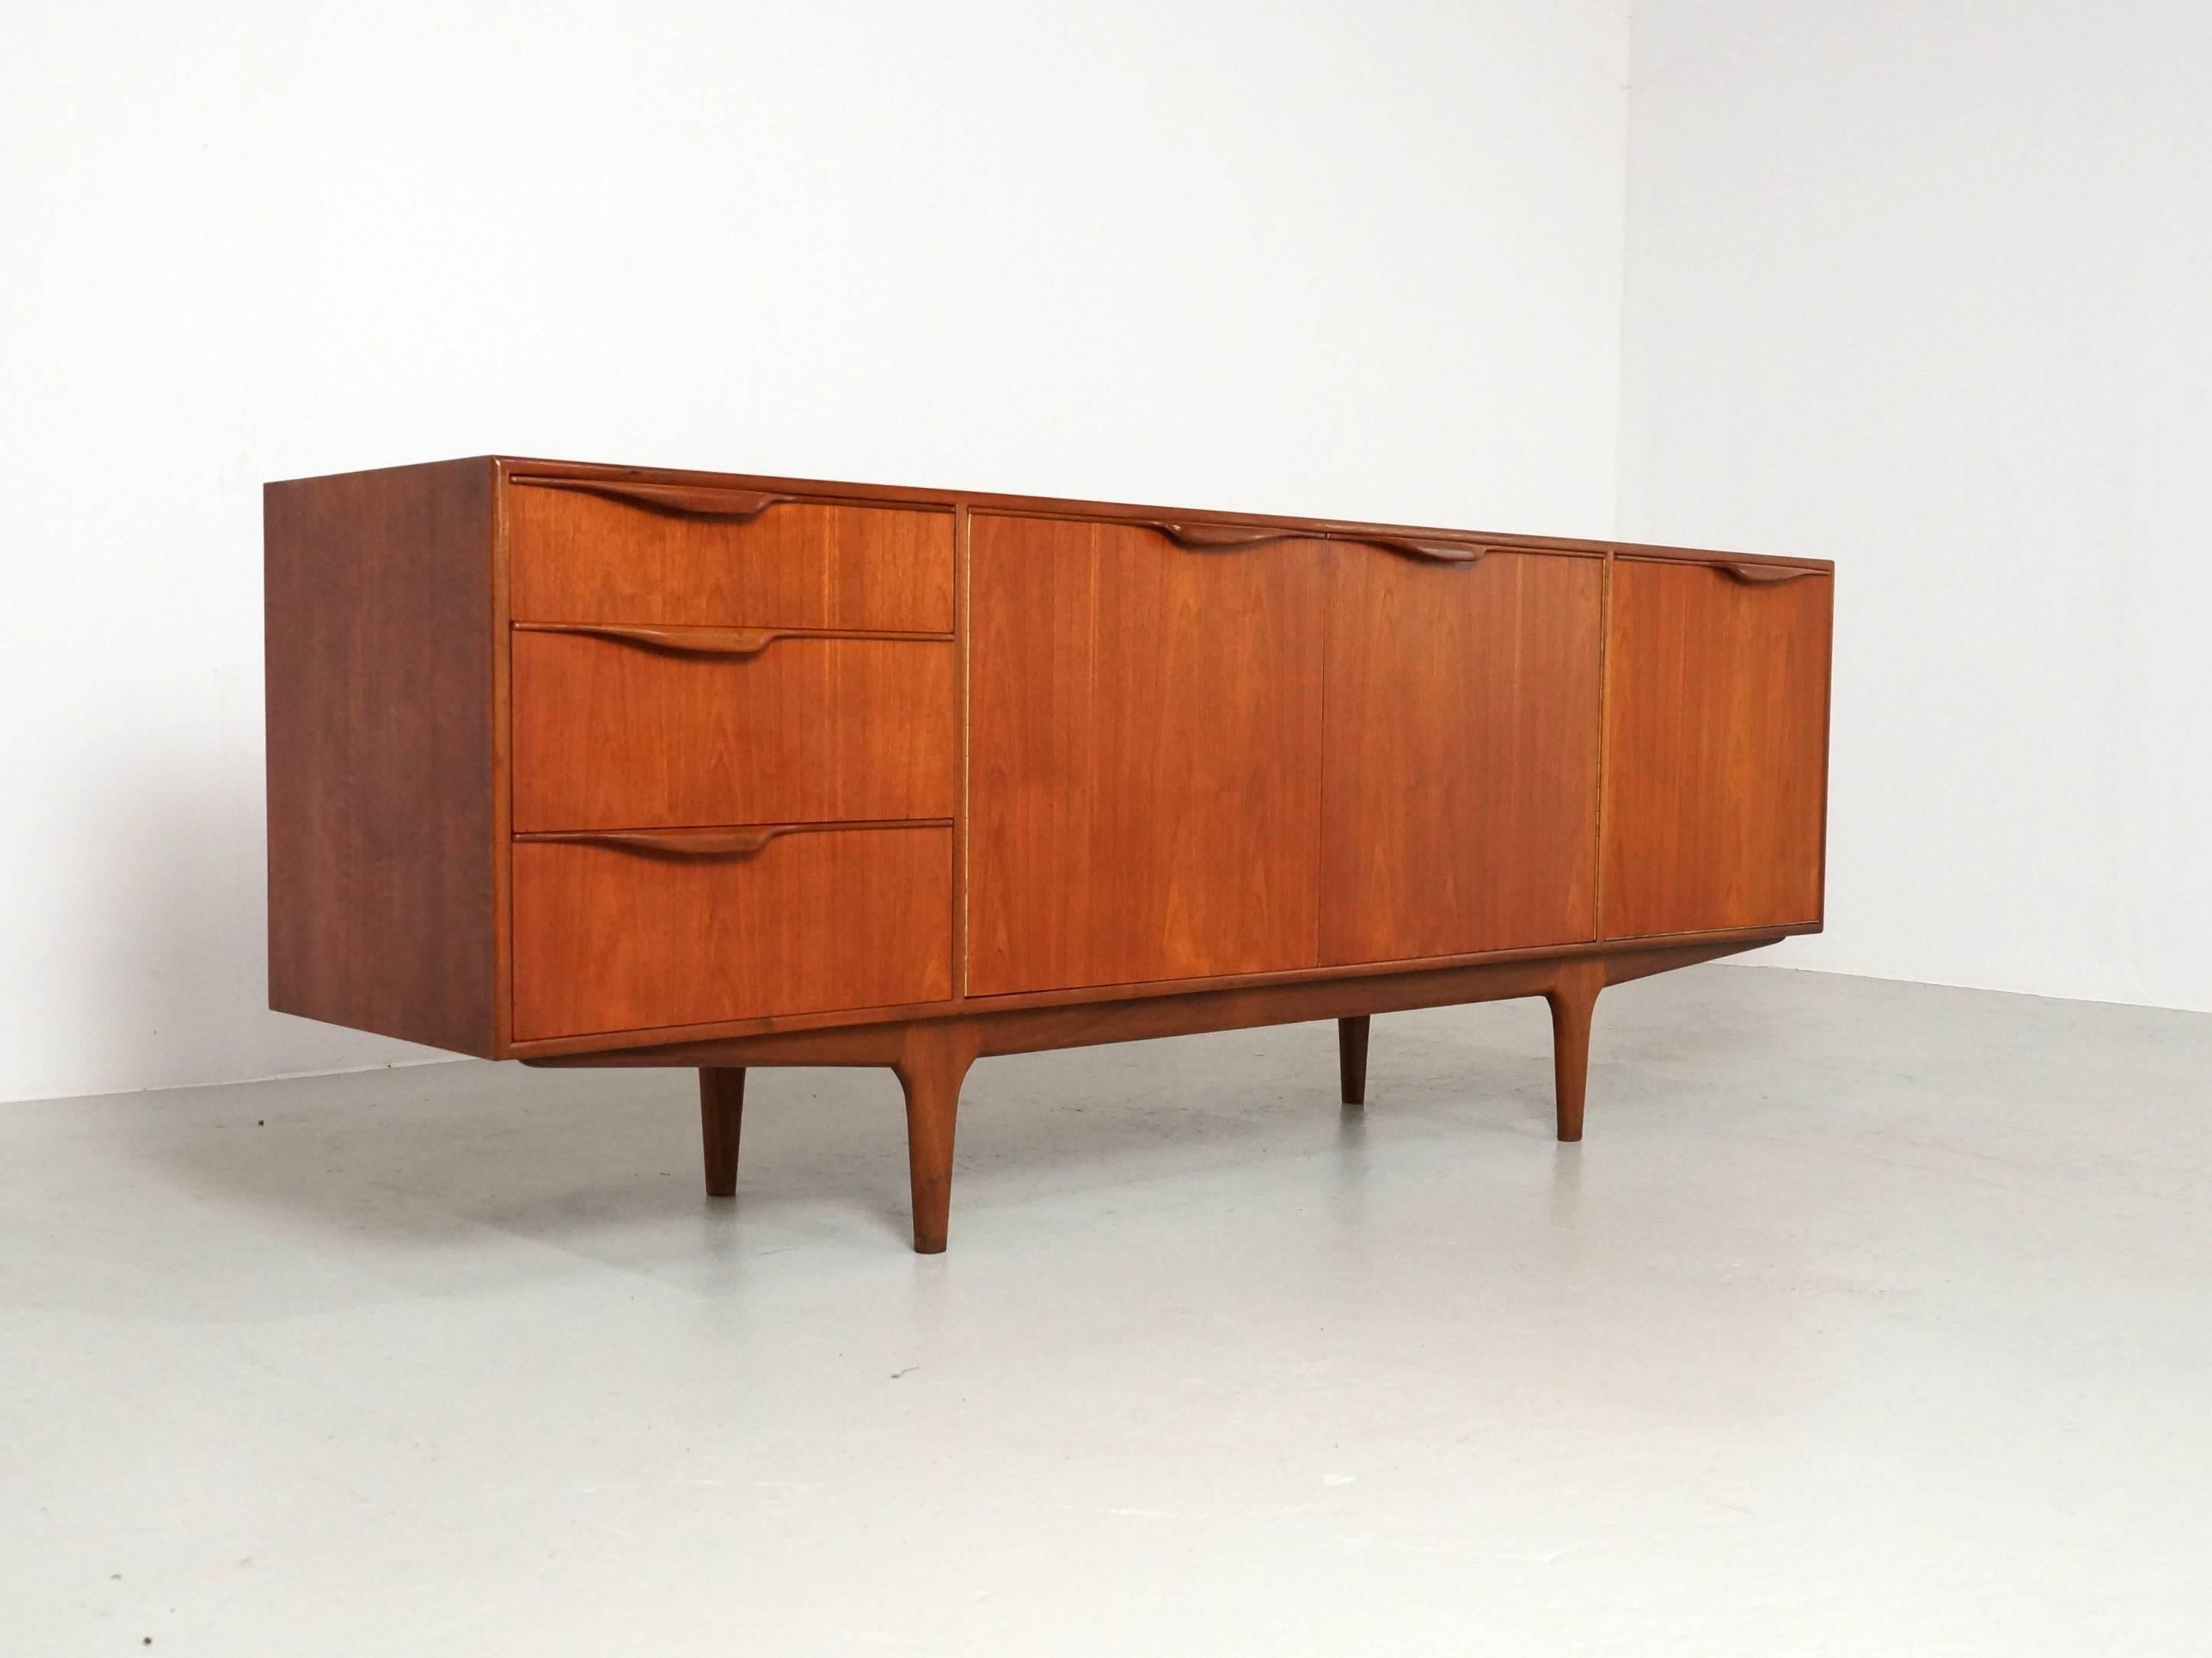 A beautifully designed and crafted teak 'Dunvegan' sideboard designed by Tom Robertson and manufactured by A.H. McIntosh of Kirkaldy, Scotland in the 1960s. 
This McIntosh sideboard in warm teak features beautiful carved handles which gives this
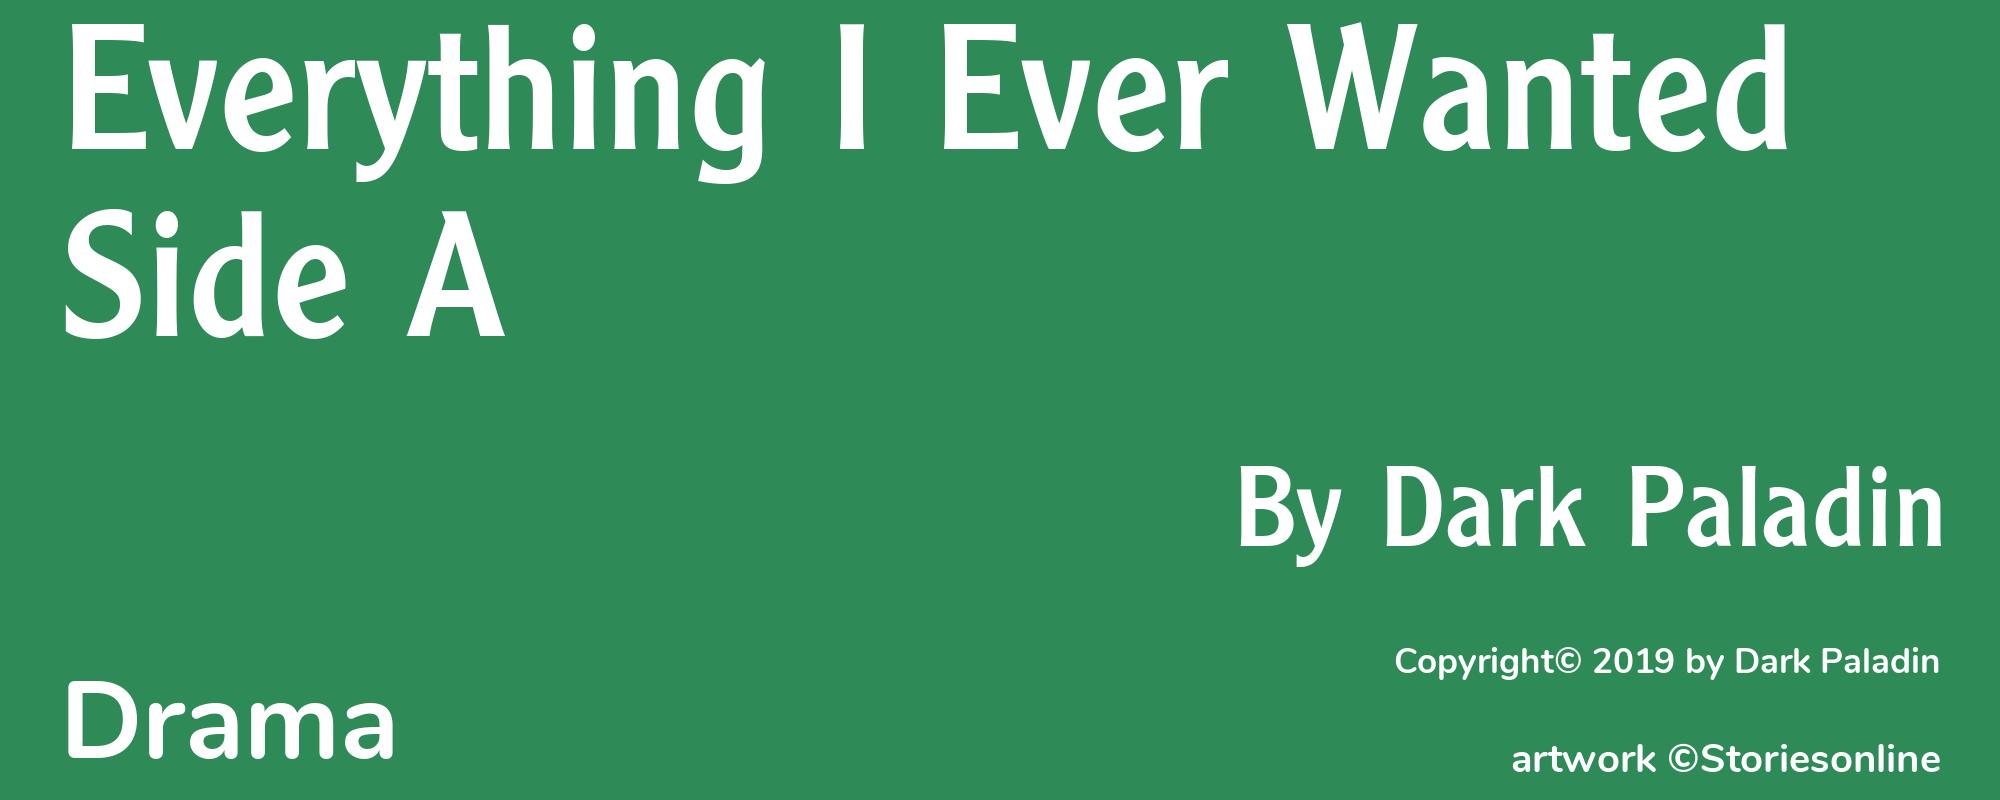 Everything I Ever Wanted Side A - Cover
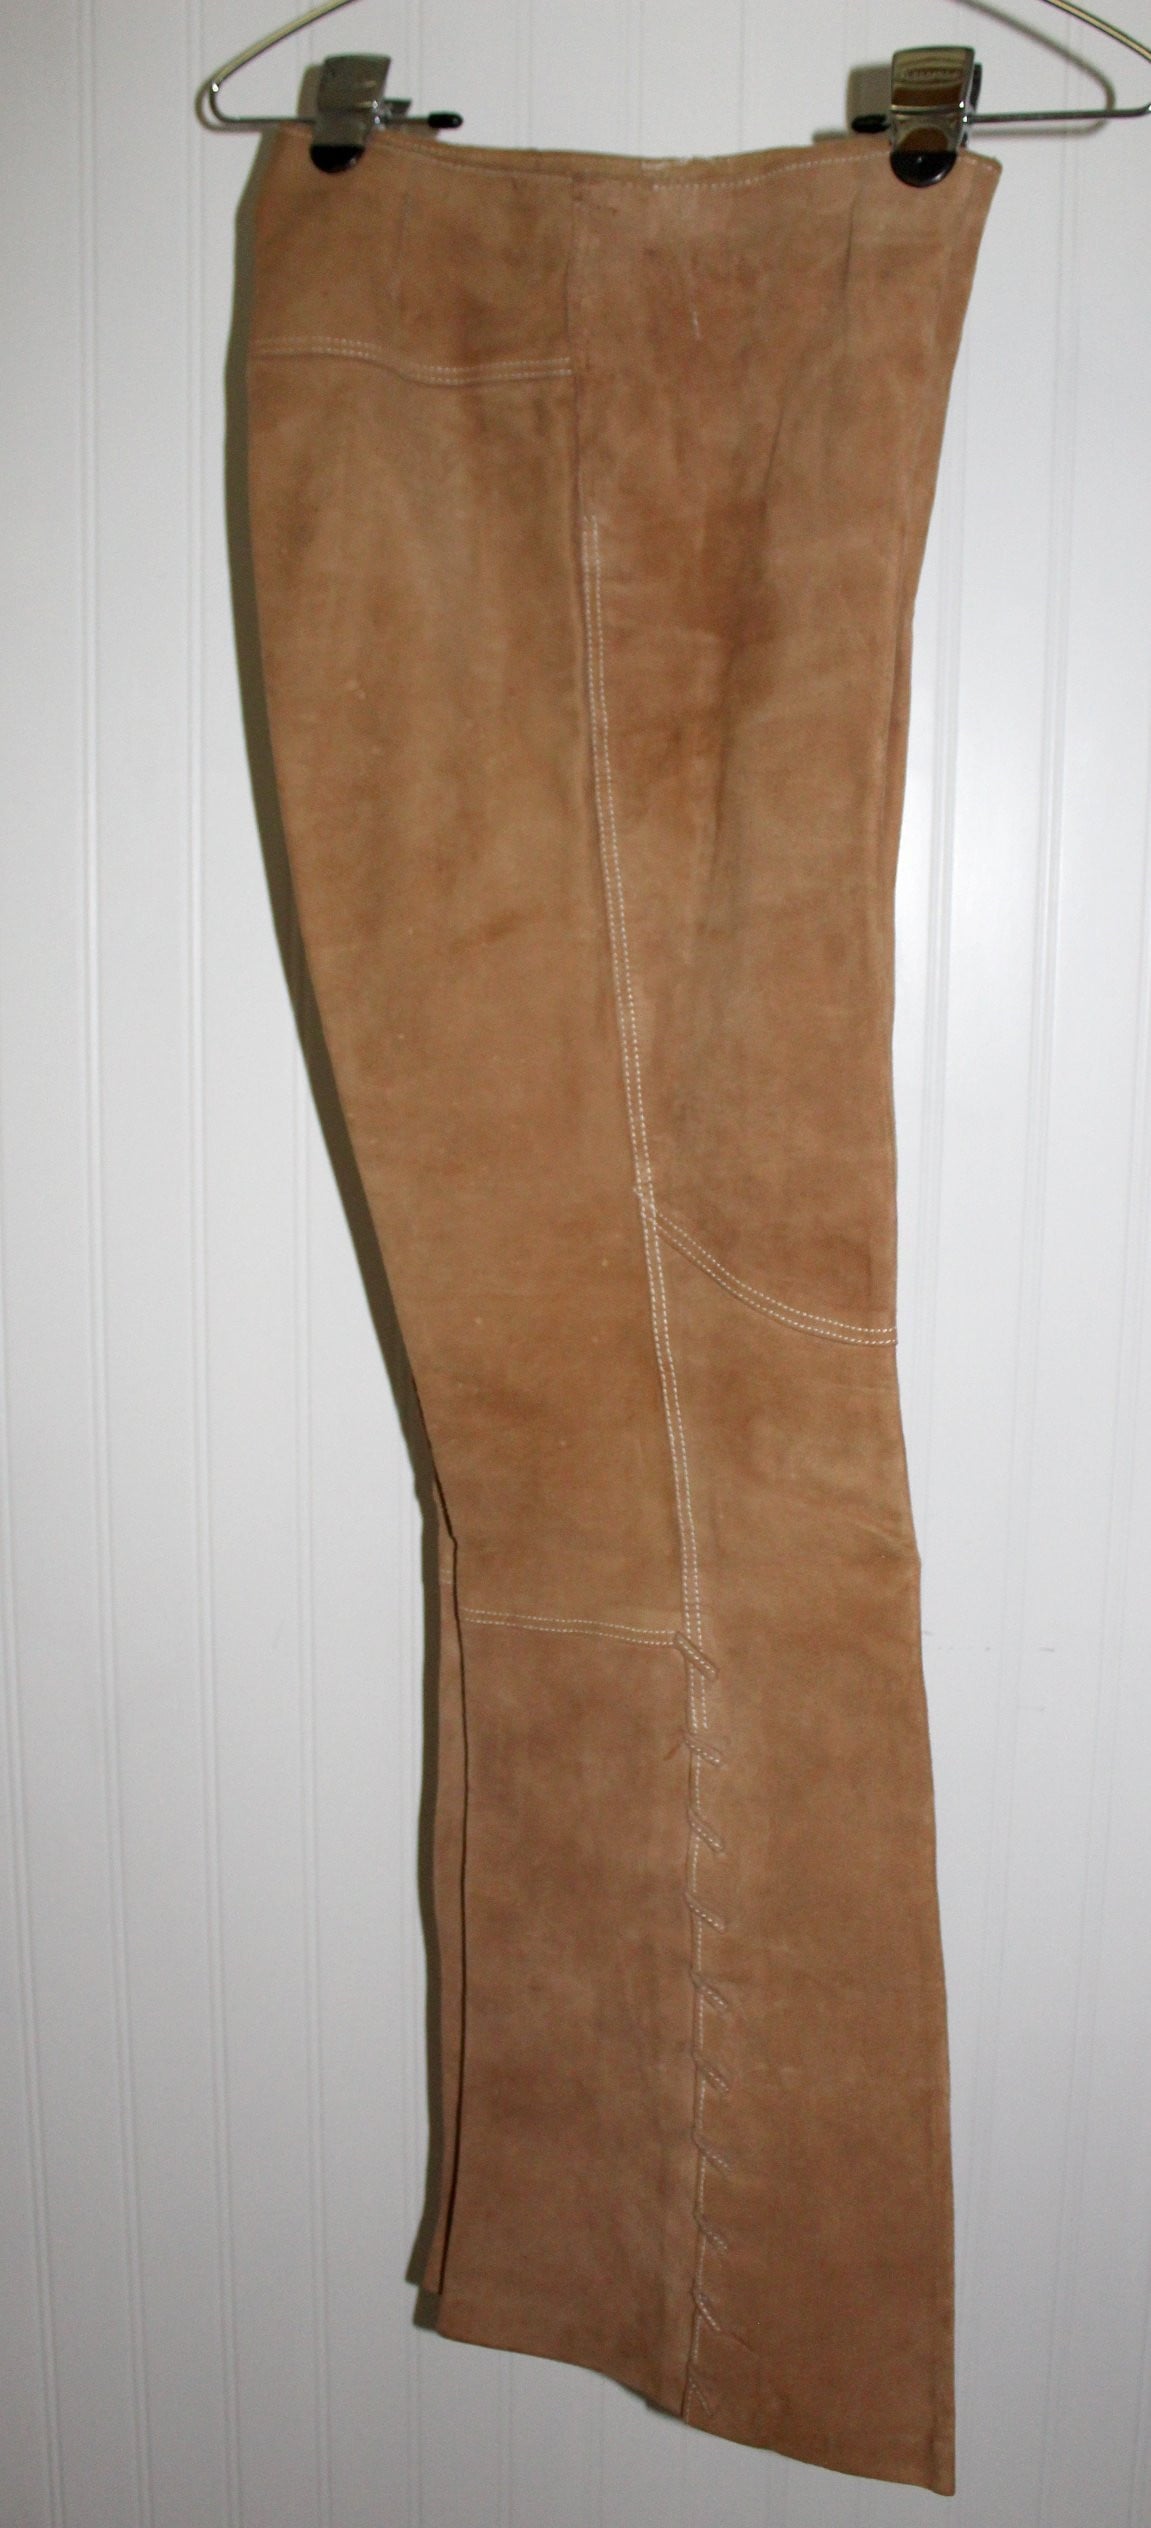 Vintage Leather Pants Laced Flare Leg Caramel Cream Top Stitch Great Detail disco

----

Each line of the material is to be output exactly. Images are not part of the expected output.

 A beautifully designed and crafted teak 'Dunvegan' sideboard designed by Tom Robertson and manufactured by A.H. McIntosh of Kirkaldy, Scotland in the 1960s. 
This McIntosh sideboard in warm teak features beautiful carved handles which gives this
 Everything I Ever Wanted Side A - Cover
 Vintage Leather Pants Laced Flare Leg Caramel Cream Top Stitch Great Detail disco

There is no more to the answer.